Attention weights: tensor([0.1455, 0.2278, 0.2249, 0.1285, 0.1077, 0.1656])
Sum: tensor(1.0000)

However, in practice, using the softmax function for normalization, which is better at handling extreme values and has more desirable gradient properties during training, is common and recommended.

attn_weights_2 = torch.softmax(attn_scores_2, dim=0)

print("Attention weights:", attn_weights_2)
print("Sum:", attn_weights_2.sum())

Attention weights: tensor([0.1385, 0.2379, 0.2333, 0.1240, 0.1082, 0.1581])
Sum: tensor(1.)

Step 3: Compute the context vector $z^{(2)}$ by multiplying the embedded input tokens, $x^{(i)}$ with the attention weights and sum the resulting vectors.

query = inputs[1] # 2nd input token is the query

context_vec_2 = torch.zeros(query.shape)
for i,x_i in enumerate(inputs):
    context_vec_2 += attn_weights_2[i]*x_i

print(context_vec_2)

tensor([0.4419, 0.6515, 0.5683])

Attention weights for ALL input tokens¶

Now, we are generalizing this computation to compute all attention weights and context vectors.

Apply previous step 1 to all pairwise elements to compute the unnormalized attention score matrix.

attn_scores = inputs @ inputs.T
print(attn_scores)

tensor([[0.9995, 0.9544, 0.9422, 0.4753, 0.4576, 0.6310],
        [0.9544, 1.4950, 1.4754, 0.8434, 0.7070, 1.0865],
        [0.9422, 1.4754, 1.4570, 0.8296, 0.7154, 1.0605],
        [0.4753, 0.8434, 0.8296, 0.4937, 0.3474, 0.6565],
        [0.4576, 0.7070, 0.7154, 0.3474, 0.6654, 0.2935],
        [0.6310, 1.0865, 1.0605, 0.6565, 0.2935, 0.9450]])

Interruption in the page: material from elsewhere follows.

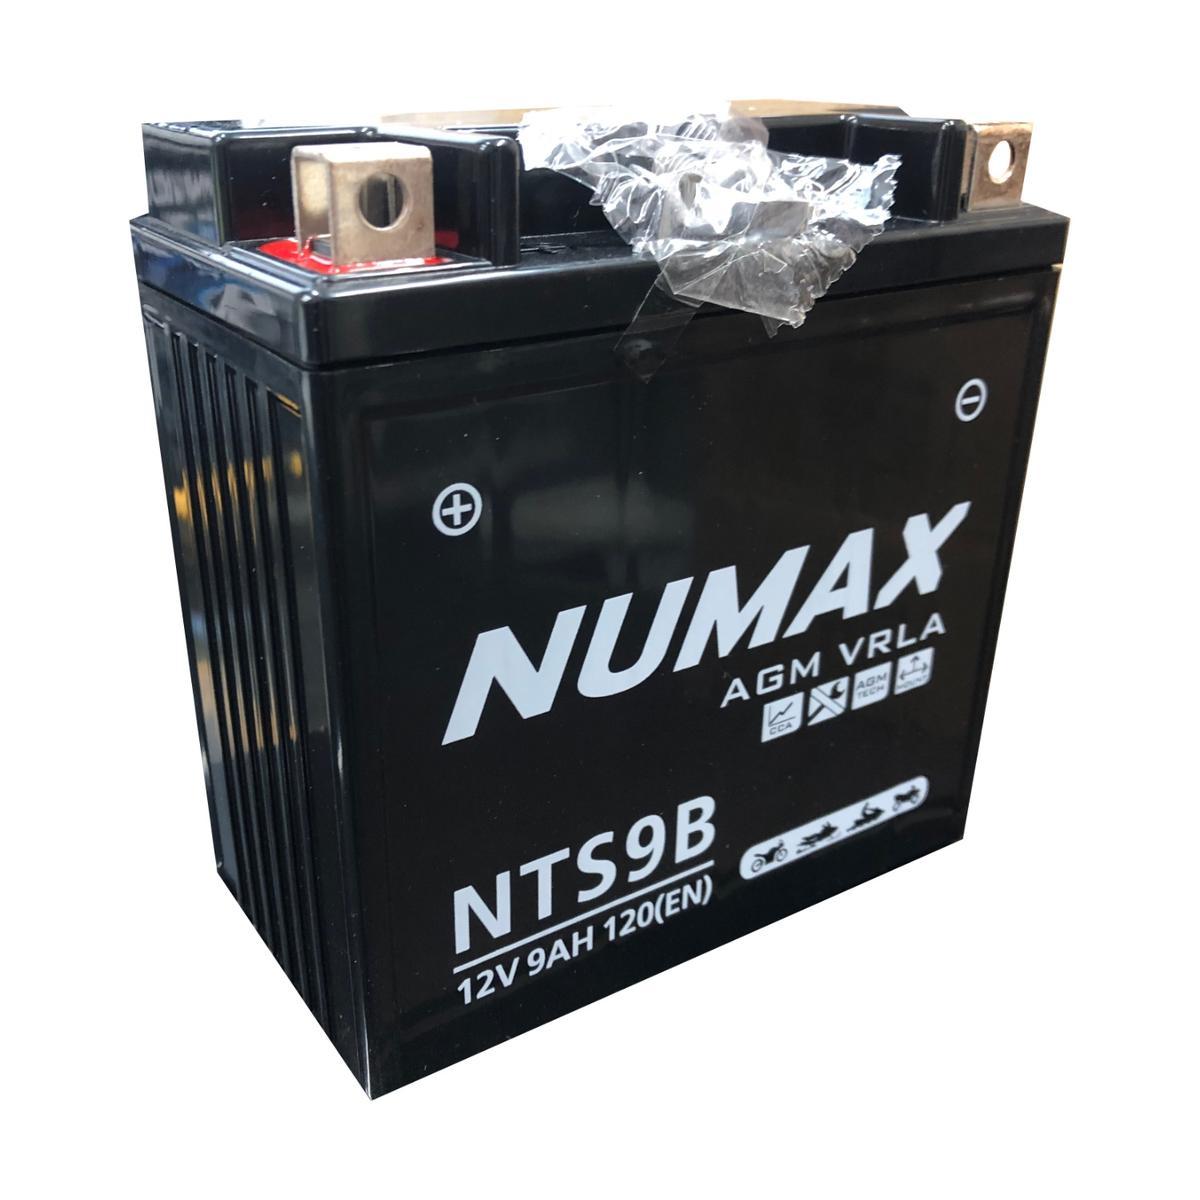 Numax NTS9B 12v Bike Motorbike Motorcycle Battery BSA 12 Volt 12 Volt 12N9-3B

Similar to step 2 previously, we normalize each row so that the values in each row sum to 1.

attn_weights = torch.softmax(attn_scores, dim=-1)
print(attn_weights)

tensor([[0.2098, 0.2006, 0.1981, 0.1242, 0.1220, 0.1452],
        [0.1385, 0.2379, 0.2333, 0.1240, 0.1082, 0.1581],
        [0.1390, 0.2369, 0.2326, 0.1242, 0.1108, 0.1565],
        [0.1435, 0.2074, 0.2046, 0.1462, 0.1263, 0.1720],
        [0.1526, 0.1958, 0.1975, 0.1367, 0.1879, 0.1295],
        [0.1385, 0.2184, 0.2128, 0.1420, 0.0988, 0.1896]])

Quick verification that the values in each row indeed sum to 1.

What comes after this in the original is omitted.